=== Supplied material ===

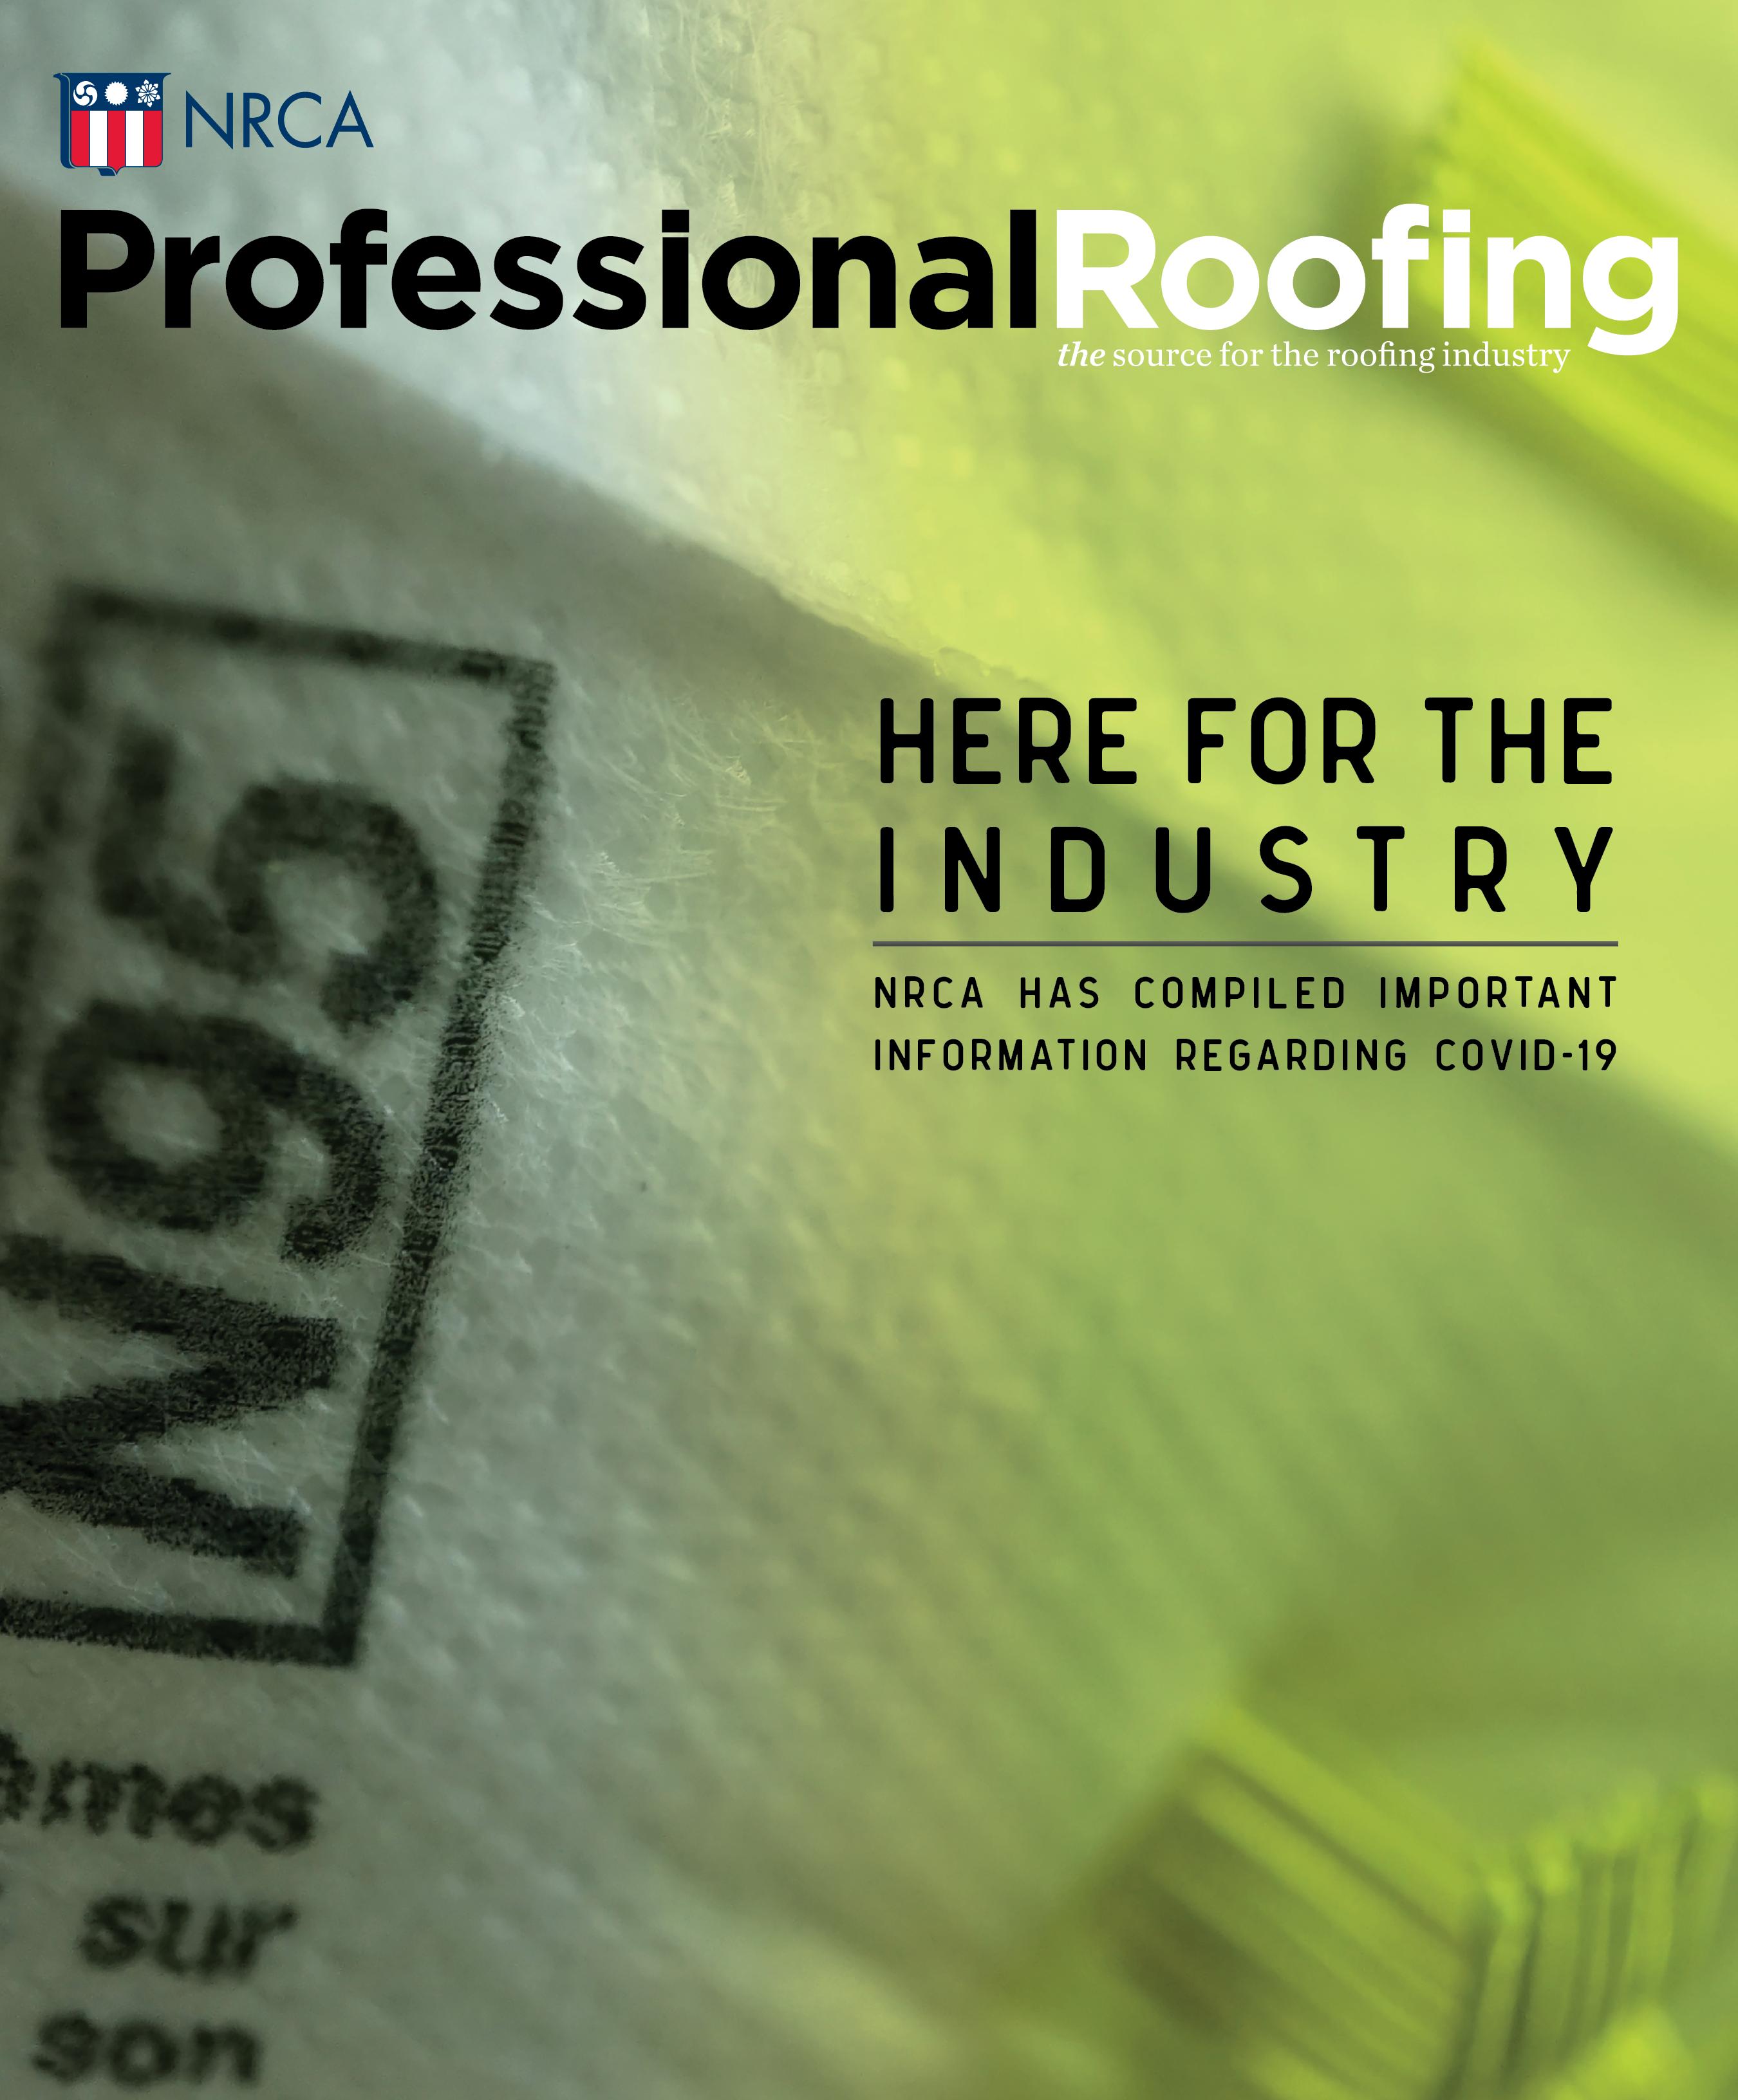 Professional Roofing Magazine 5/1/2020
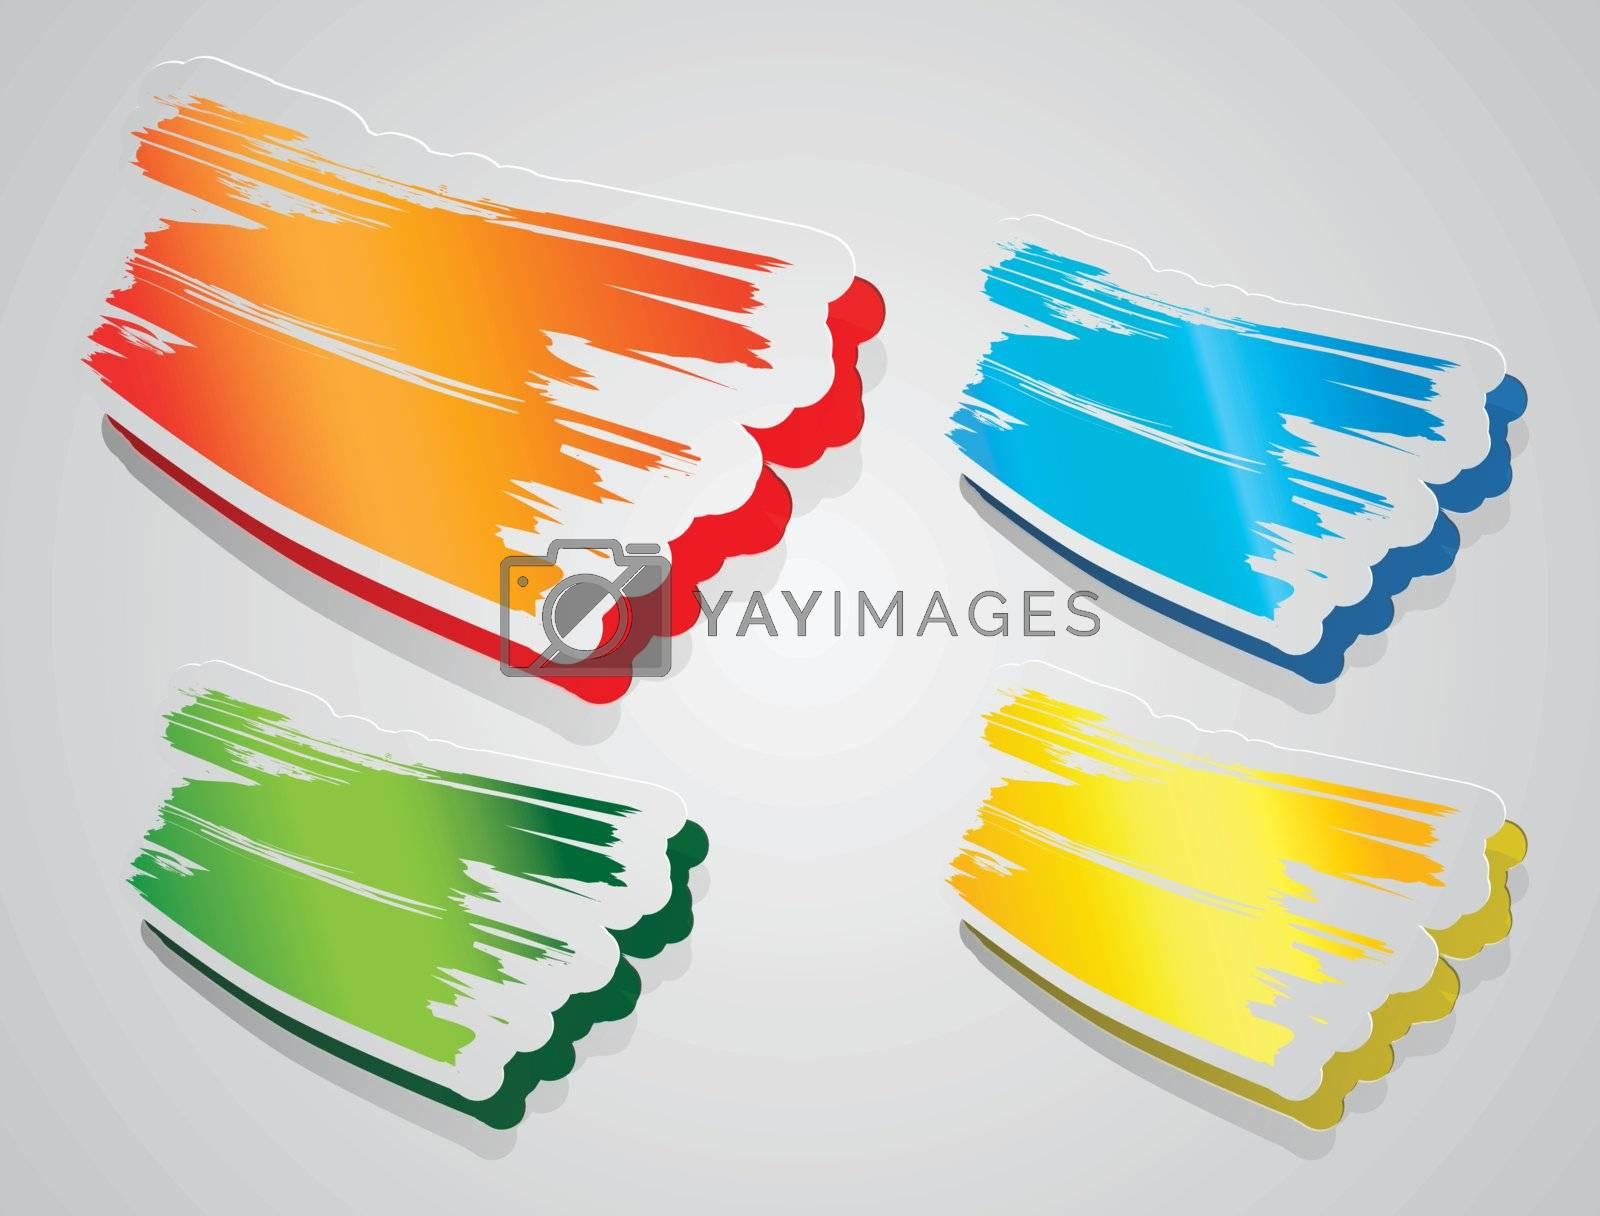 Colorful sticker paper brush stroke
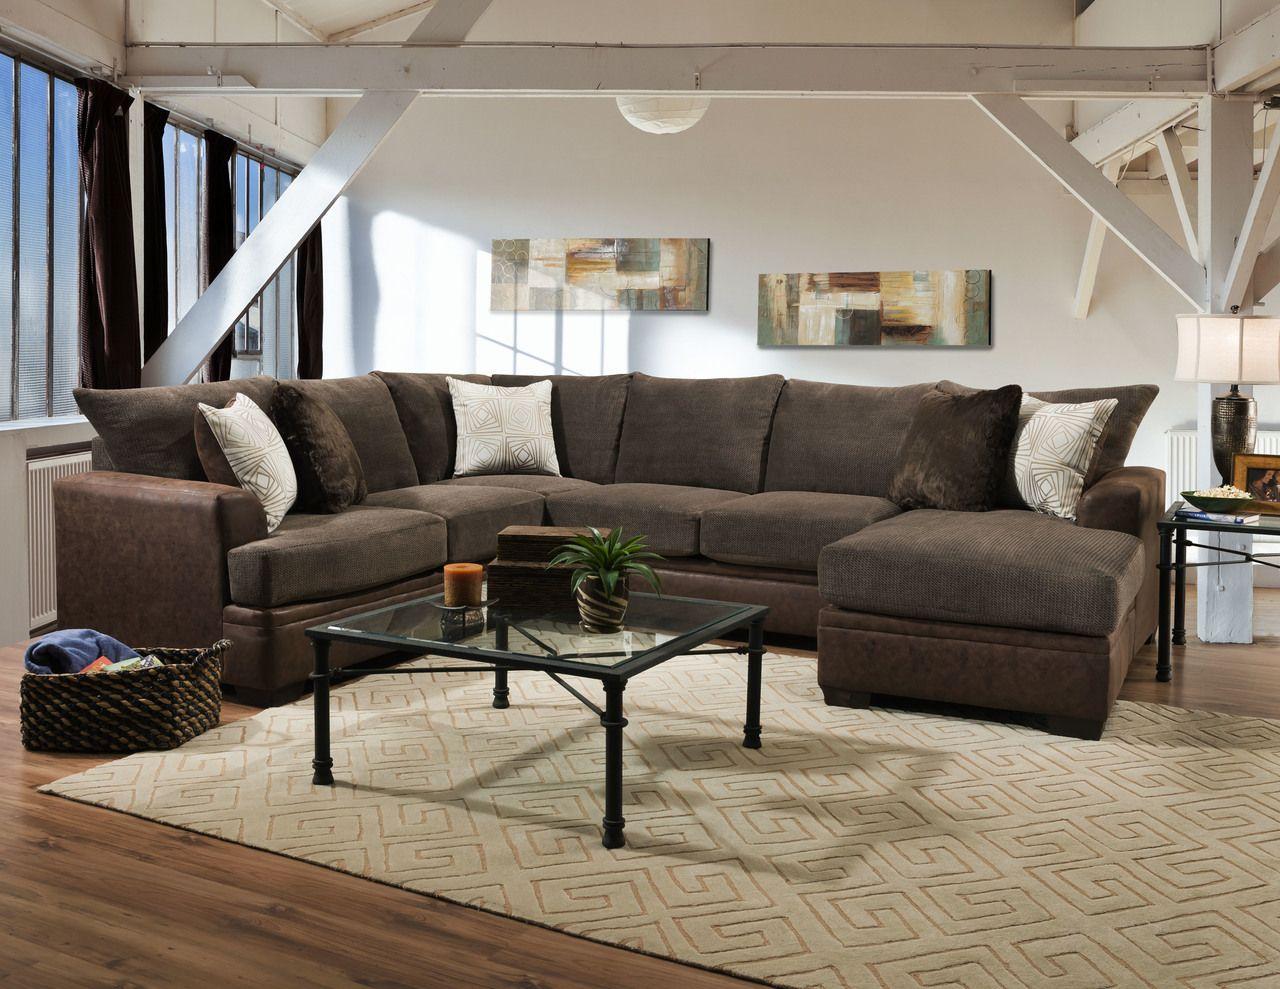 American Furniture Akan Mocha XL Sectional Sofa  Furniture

===

Problem description:
Give back, exactly and with nothing added, the lines from the line with "Colorful sticker paper brush stroke" through the final line of the data, both included; leave pictures out.

Answer section:
 Colorful sticker paper brush stroke
 American Furniture Akan Mocha XL Sectional Sofa  Furniture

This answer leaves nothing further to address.